▸ **AIM OF THE EXERCISE**: Here the job is to repeat the listing exactly, but not the pictures in it.

▸ **THE DATA**:
####
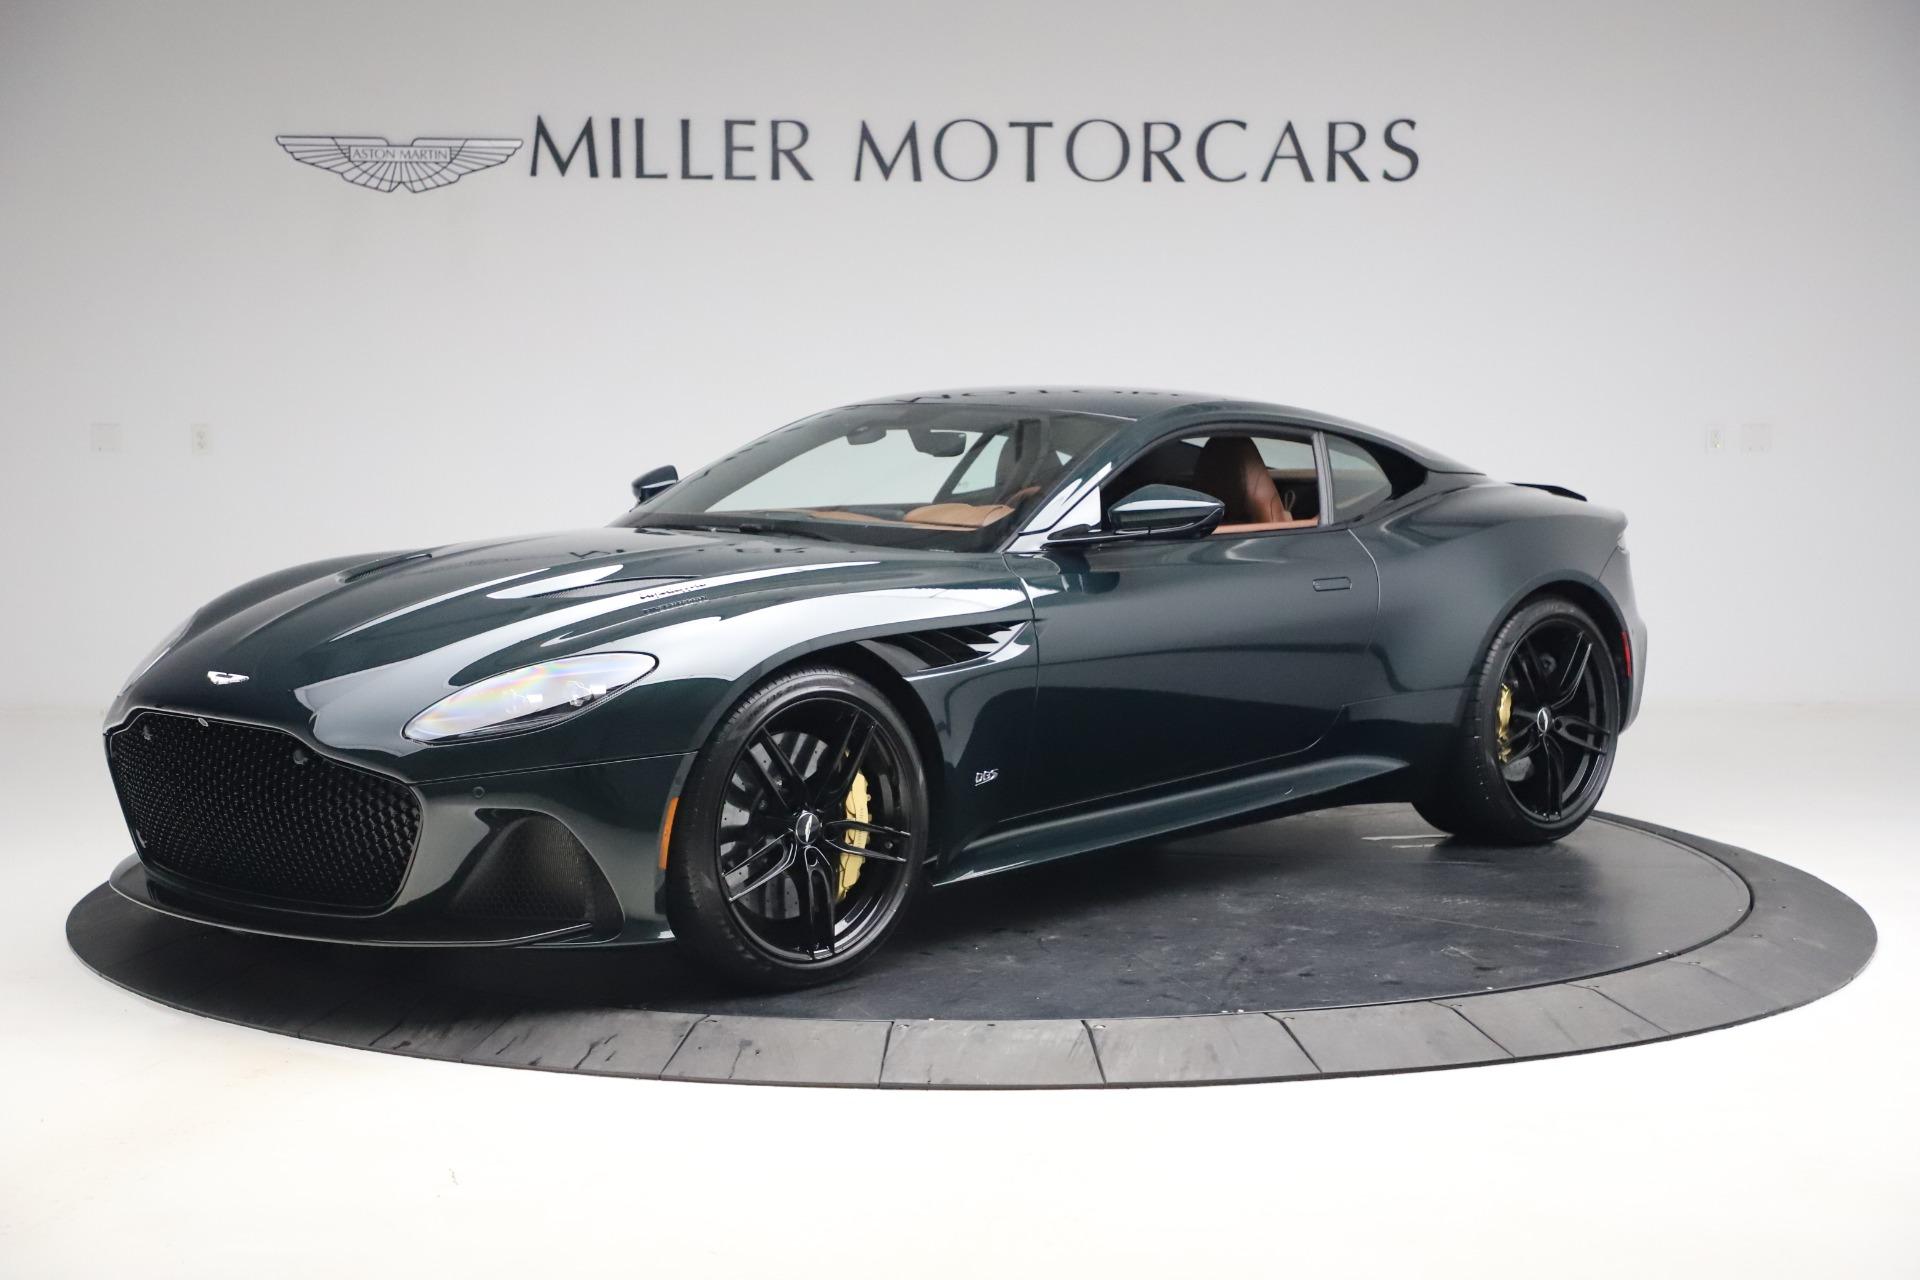 Used 2020 Aston Martin DBS Superleggera for sale $295,900 at Bugatti of Greenwich in Greenwich CT 06830 1
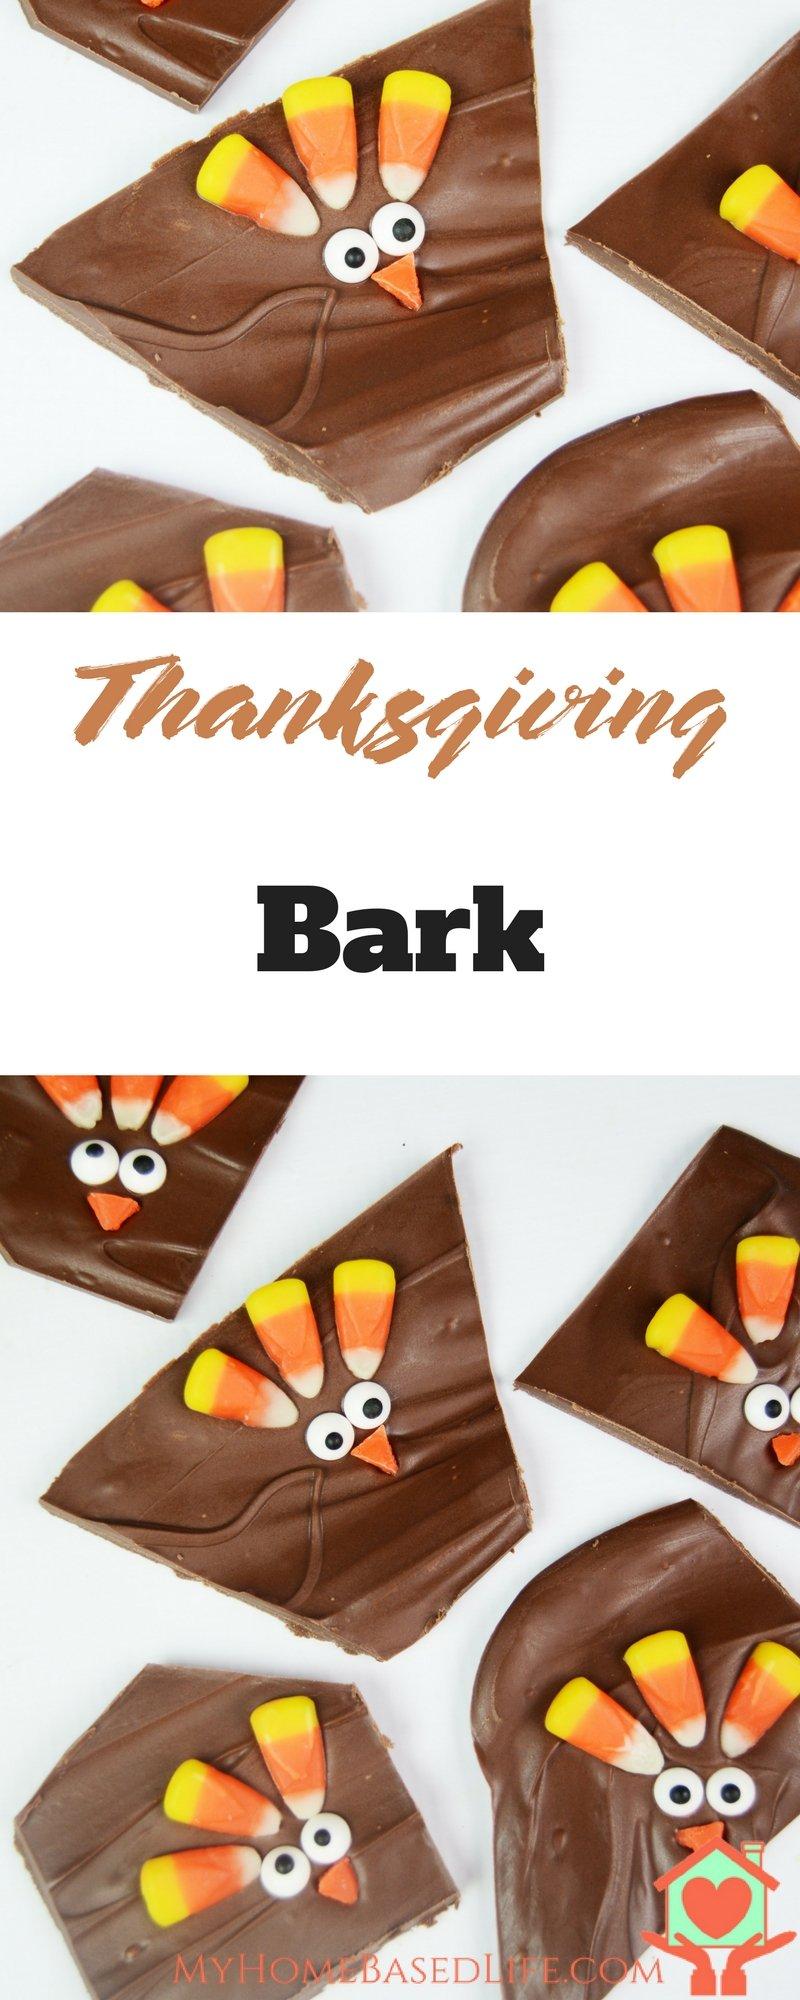 Thanksgiving Bark | Turkey Dessert | Thanksgiving Dessert | Thanksgiving Treat | Kid's Thanksgiving | Fall Themed Dessert | Turkey Treat | DIY Turkey |
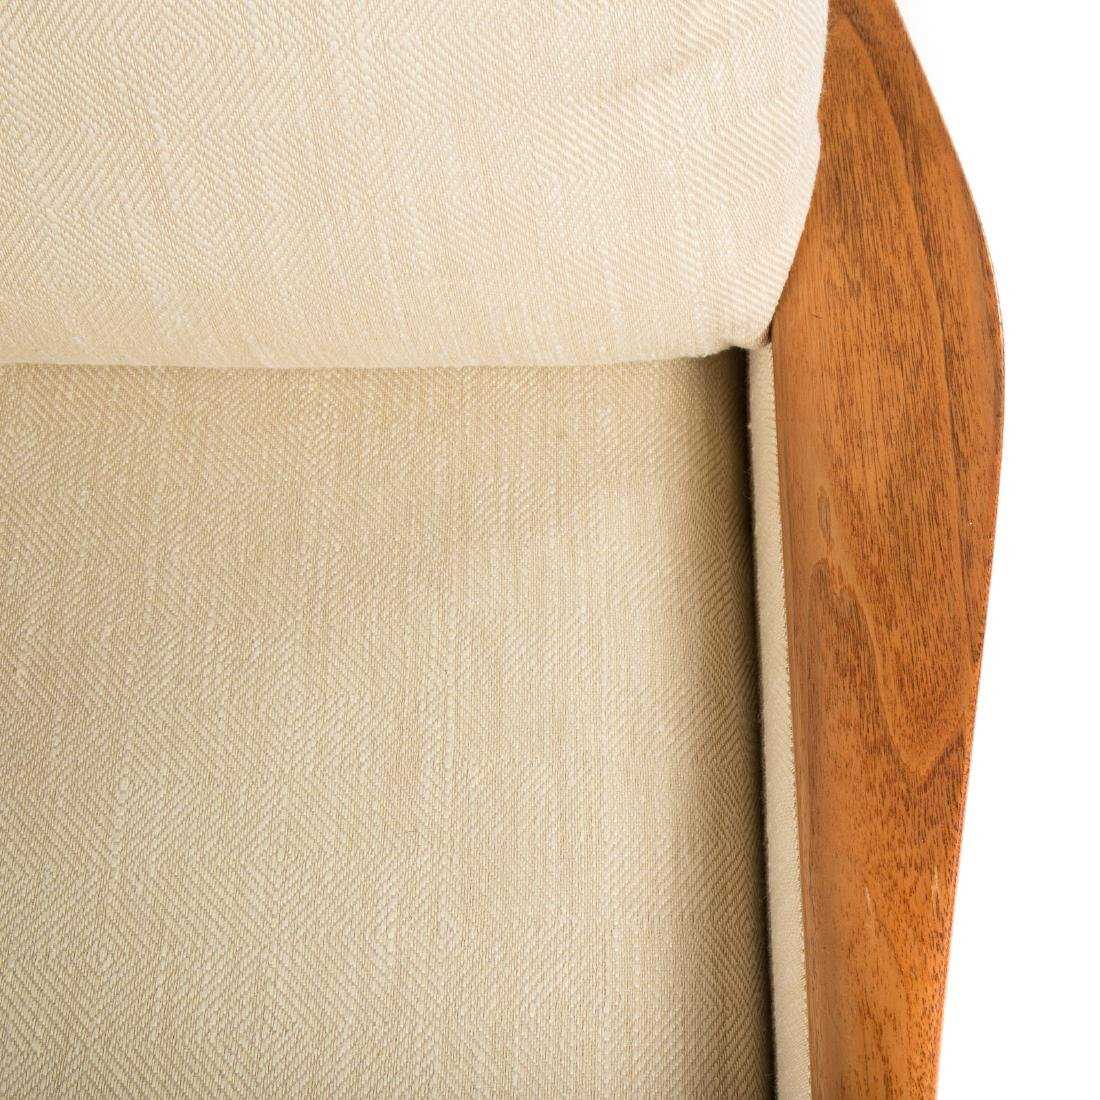 Vladimir Kagan - Dreyfuss walnut upholstered sofa - 5
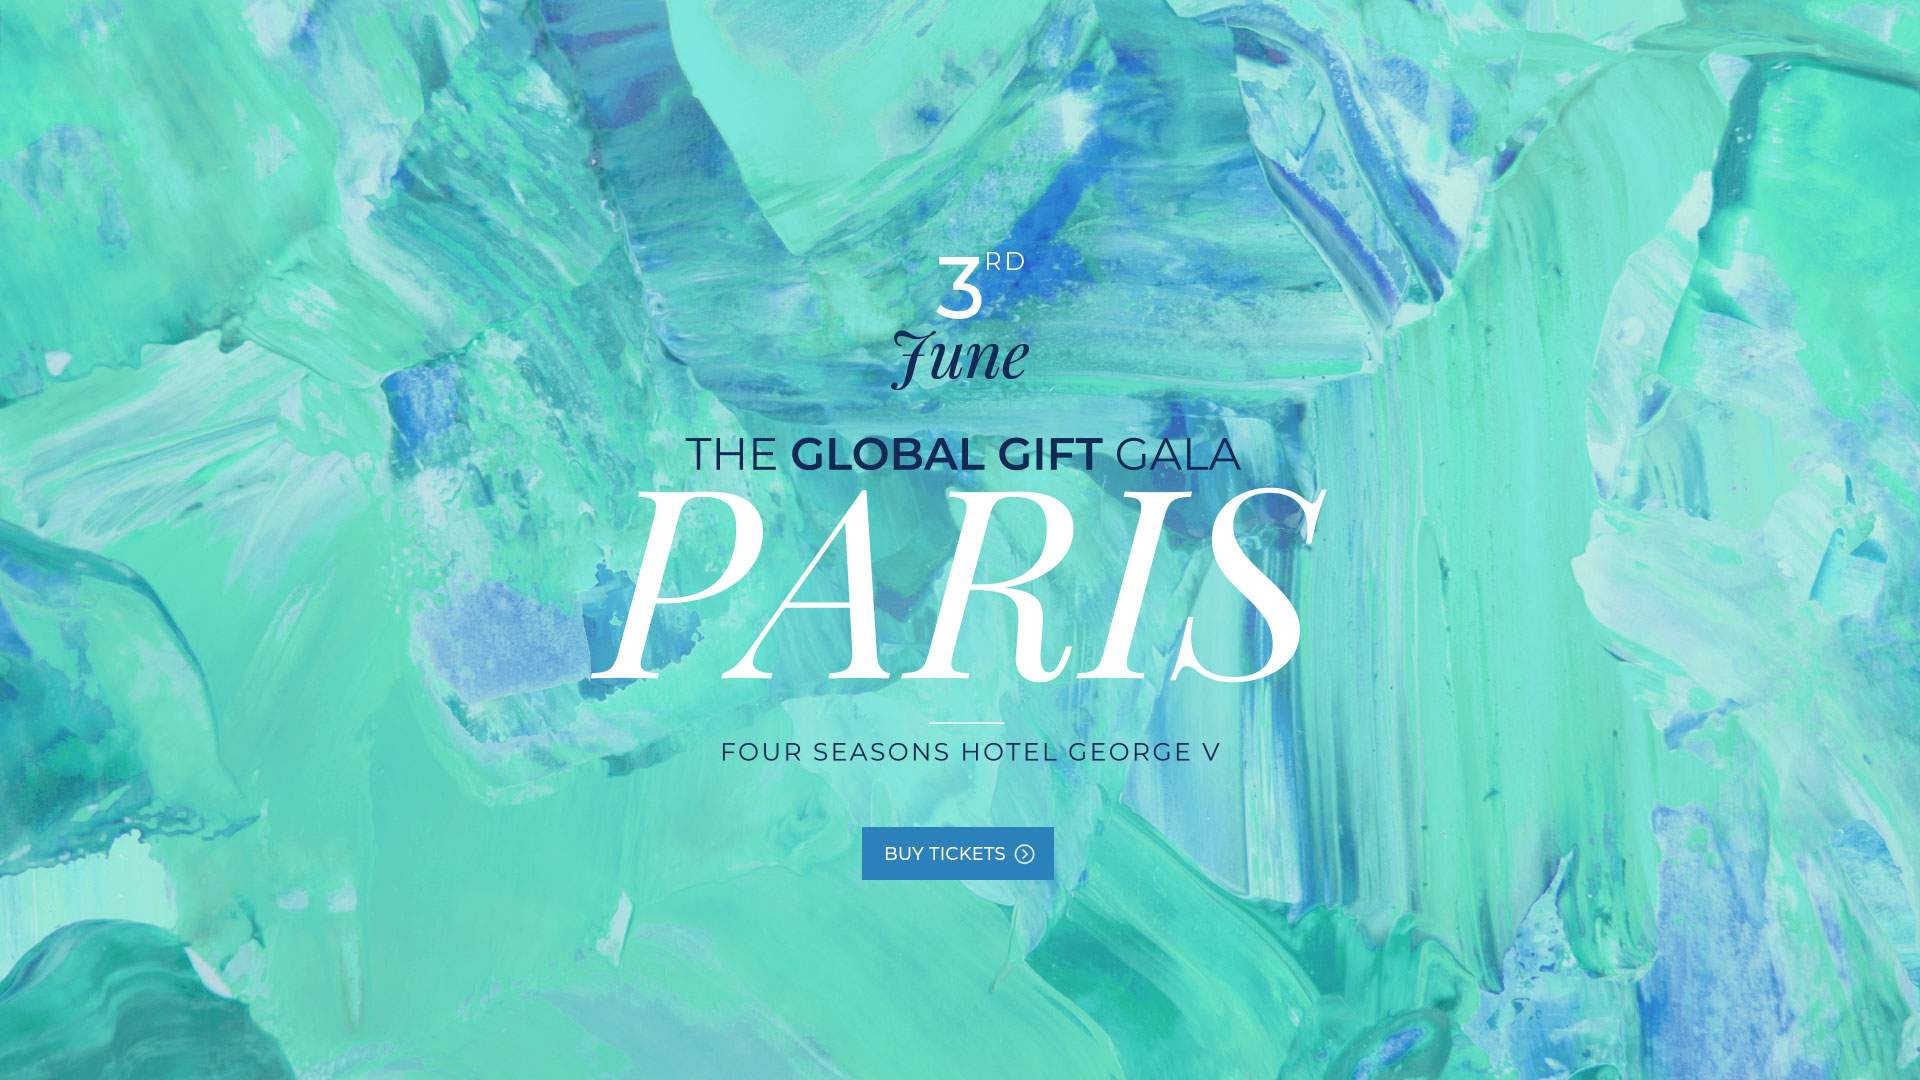 The Global Gift Gala Paris 2019
####
▸ **OUTPUT FOR THIS TASK**:
 Used 2020 Aston Martin DBS Superleggera for sale $295,900 at Bugatti of Greenwich in Greenwich CT 06830 1
 Thanksgiving Bark | Turkey Dessert | Thanksgiving Dessert | Thanksgiving Treat | Kid's Thanksgiving | Fall Themed Dessert | Turkey Treat | DIY Turkey |
 Vladimir Kagan - Dreyfuss walnut upholstered sofa - 5
 The Global Gift Gala Paris 2019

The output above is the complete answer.